An Alternative to Electric Vehicle Conversion Kits

Ben Parker

Article Highlights

Disclaimer: I’m not an engineer or mechanic. The following suggestions are just thoughts from someone else going along the path to convert a car to electric. Please consult a trained professional.

Like countless others before me, the allure of doing an electric vehicle conversion has cost me hours of scouring the internet for ways that I could make it happen. From paying someone else, to doing it myself. This leads many to electric vehicle conversion kits. These kits provide the closest you can come to a bolt-on conversion. But even still these kits require you have some base knowledge electric circuits, potentially fabrication, and obviously some mechanical skills. 

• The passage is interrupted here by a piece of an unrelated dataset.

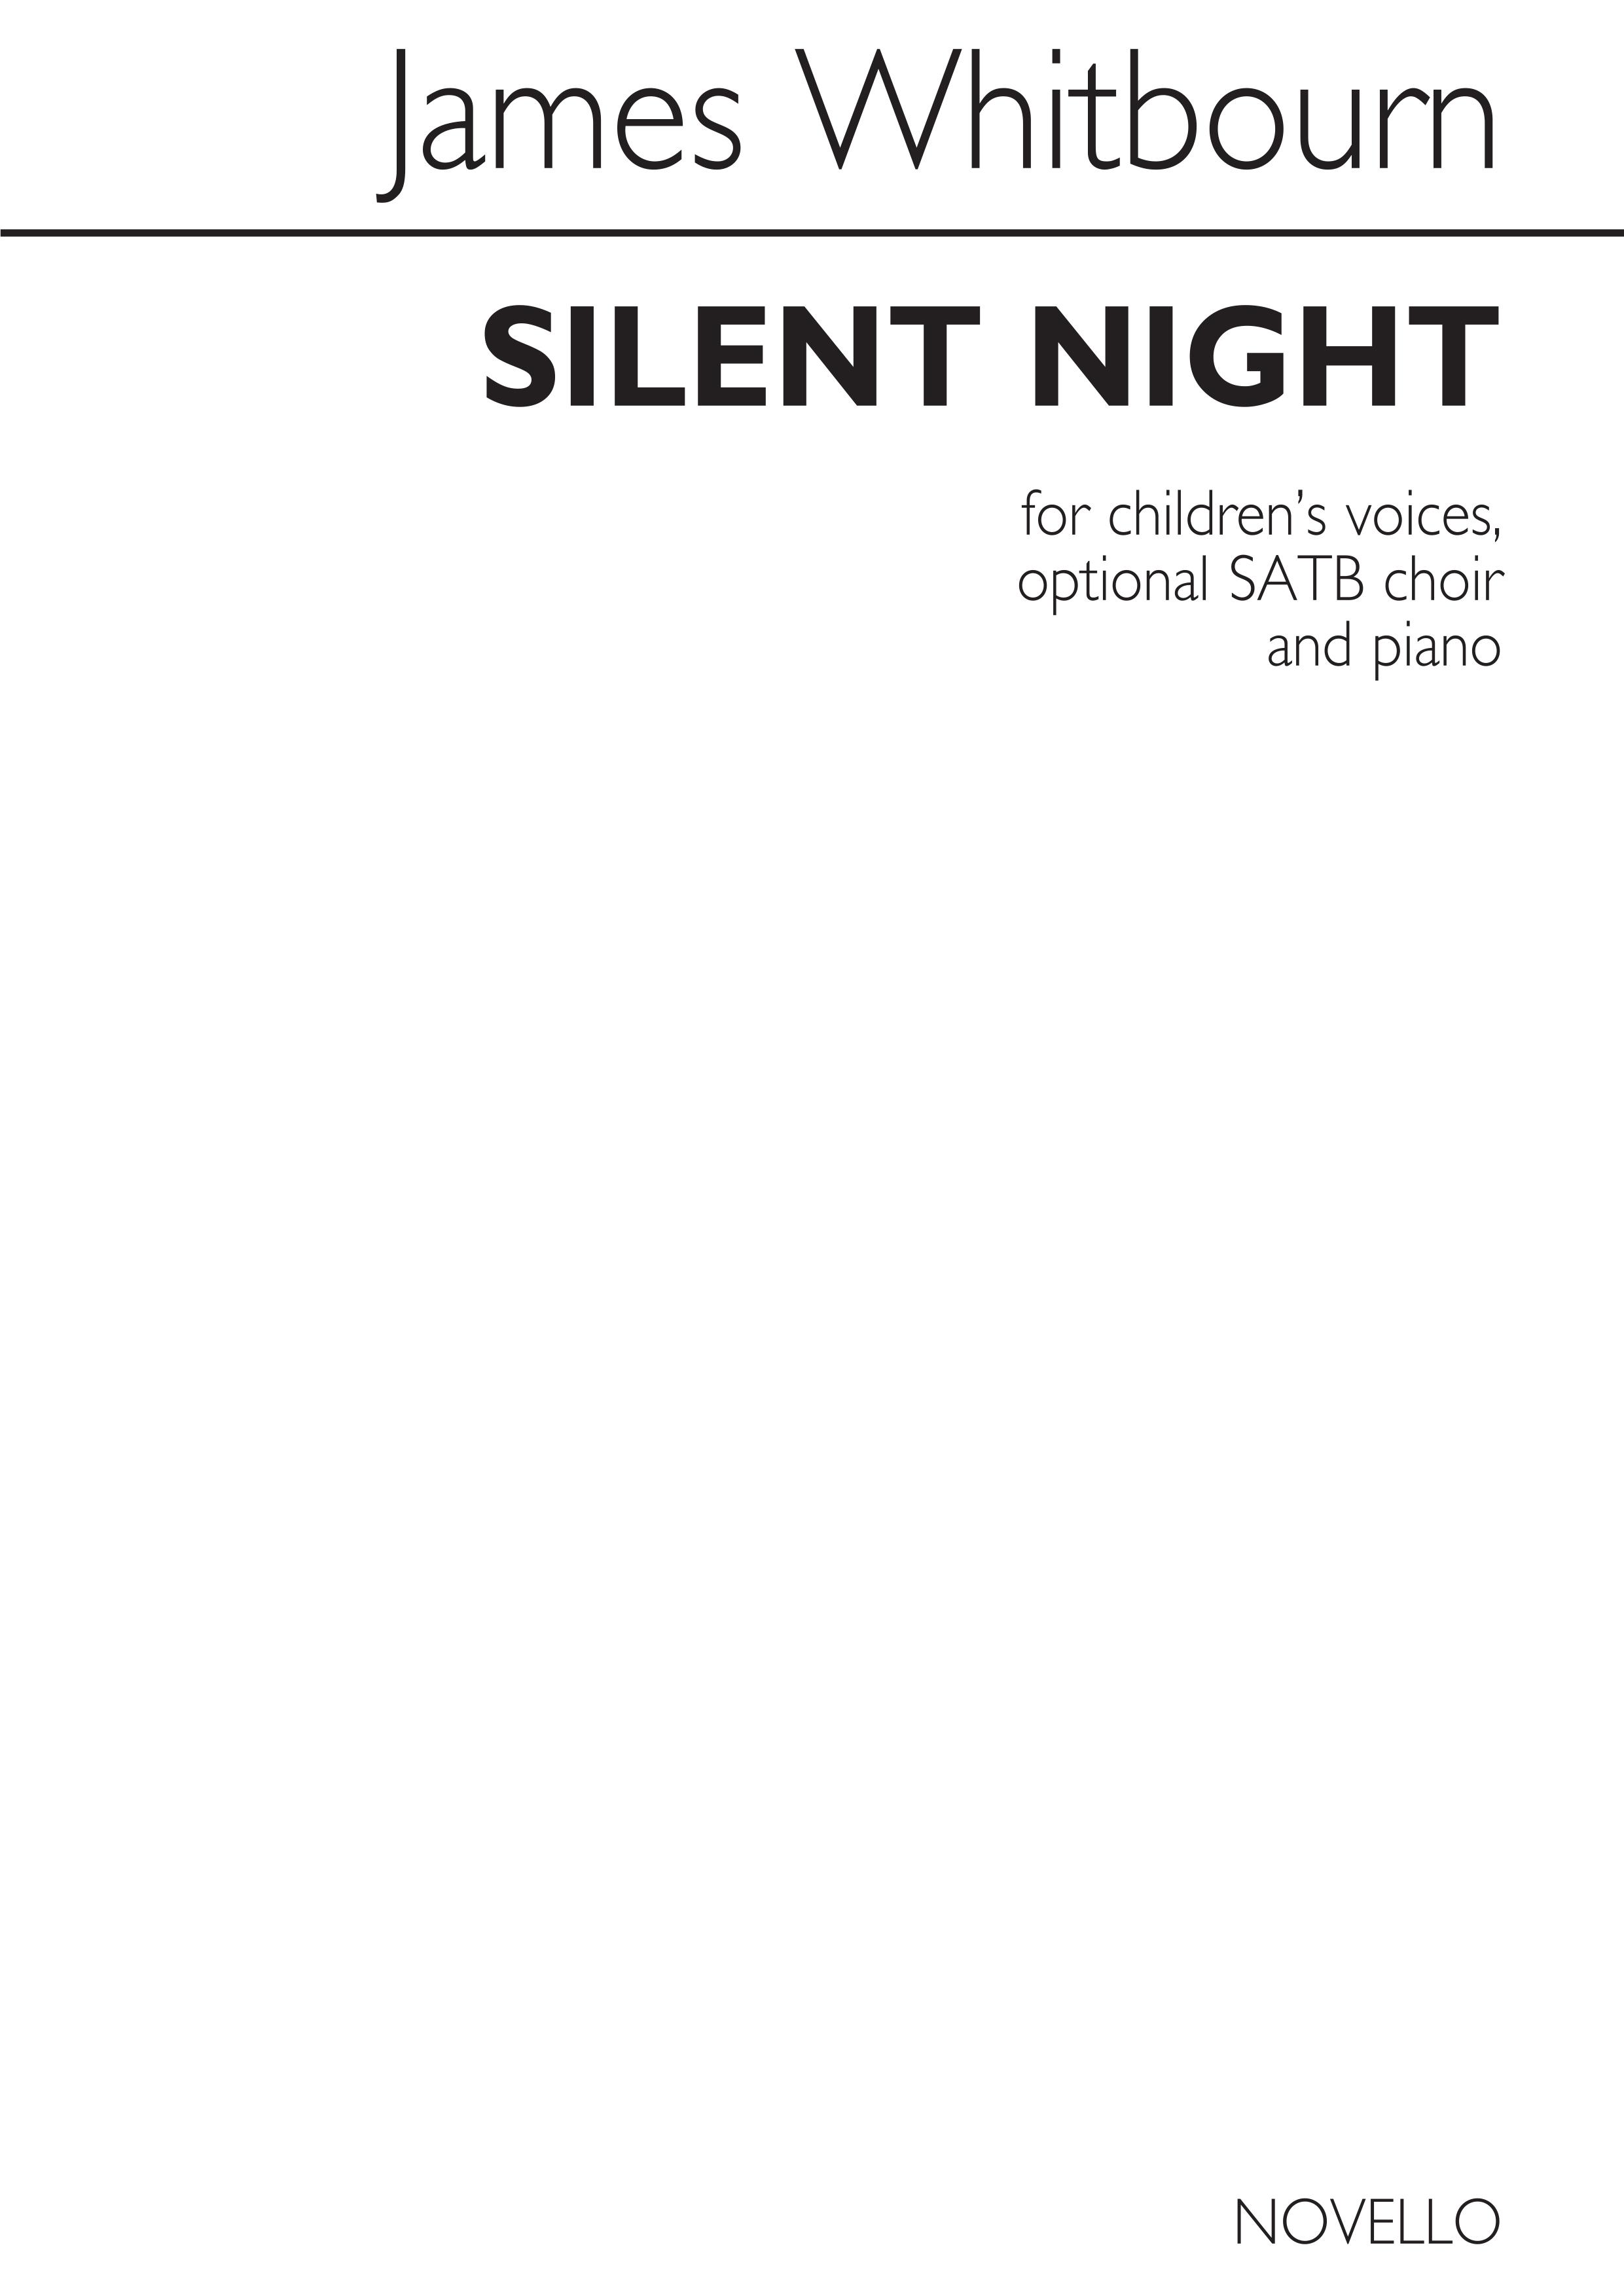 James Whitbourn: Silent Night: SATB: Vocal Score

For most of the kits you can find out there they may not even deliver on everything you want. There are two types of electric motors available for cars, AC (alternating current) and DC (direct current). Many conversion kits come with either a small AC motor or a DC that has <150hp. They also require an adapter plate to link up the motor to the transmission which can prove tricky and relies on the quality of the donor car’s transmission. So what’re you to do?

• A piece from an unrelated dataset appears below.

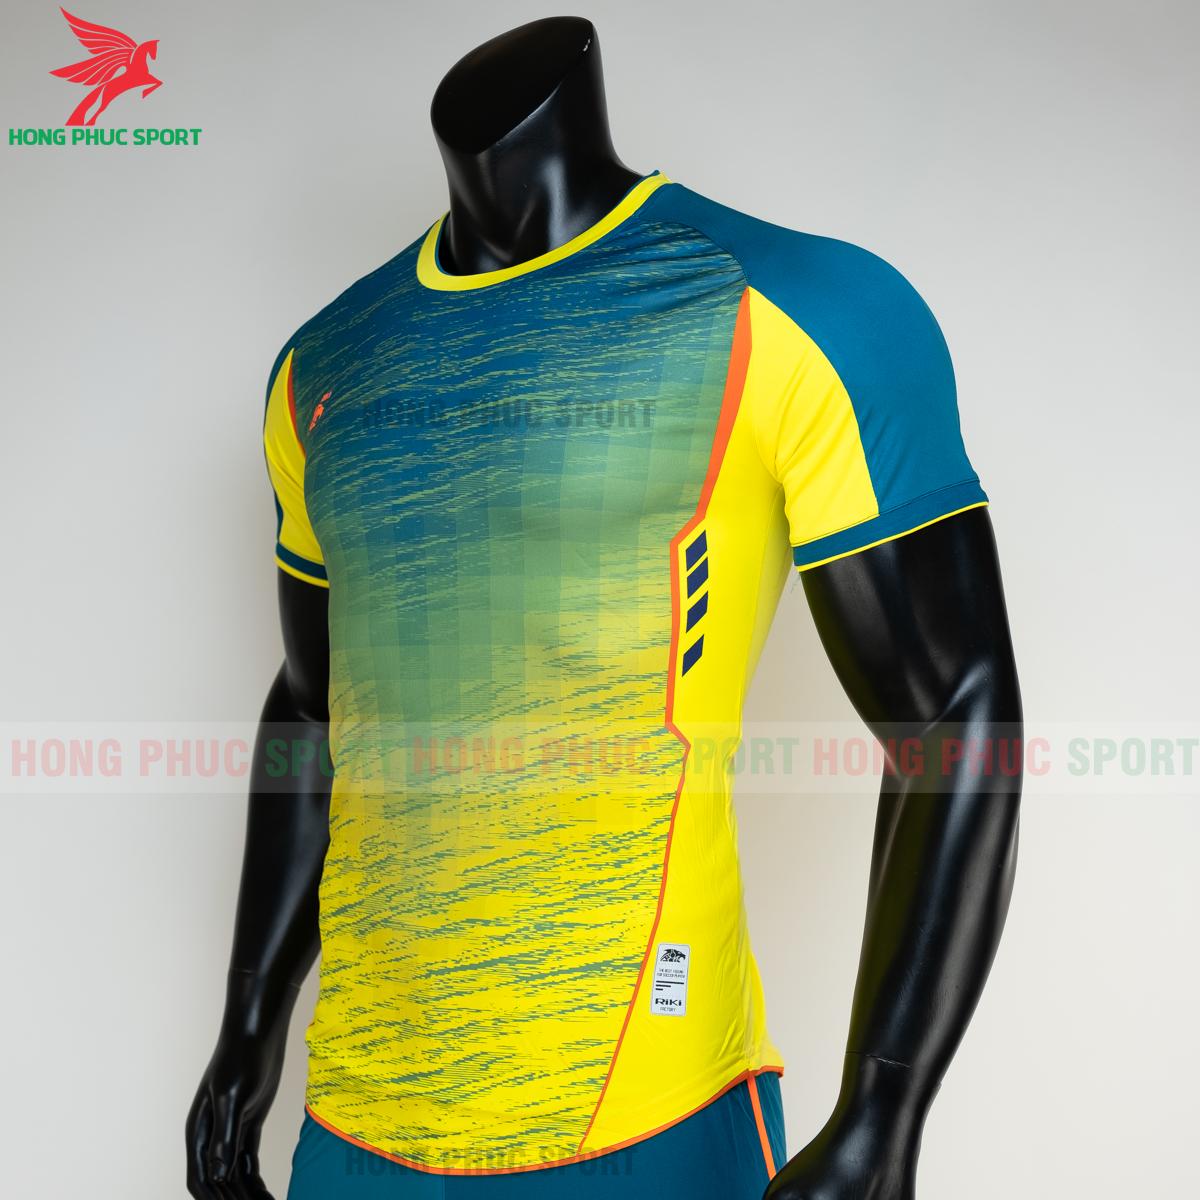 https://cdn.hongphucsport.com/unsafe/s4.shopbay.vn/files/285/ao-bong-da-khong-logo-riki-grambor-mau-vang-3-6050615edd8a1.png

Well, may I present the farthest thing from a novel idea: Tesla-fy your car. 

The Tesla drive unit will allow you to rid yourself of nearly all of the donor car’s components and drop in a Tesla drive unit that -- with some finagling -- can connect directly to your axles. The Tesla drive units come in multiple sizes with varying outputs. The drive units come in two sizes for both RWD and FWD. The smallest drive unit having an output of up to 250hp with the largest (the Ludicrous) output being 645hp. There’s definitely a price difference between them and if I’m being honest here the price of even a small drive unit is the cost of a whole conversion kit. 

So this is only for those who want the power and engineering of Tesla in their old classic.

What do you need to run a Tesla Drive Unit?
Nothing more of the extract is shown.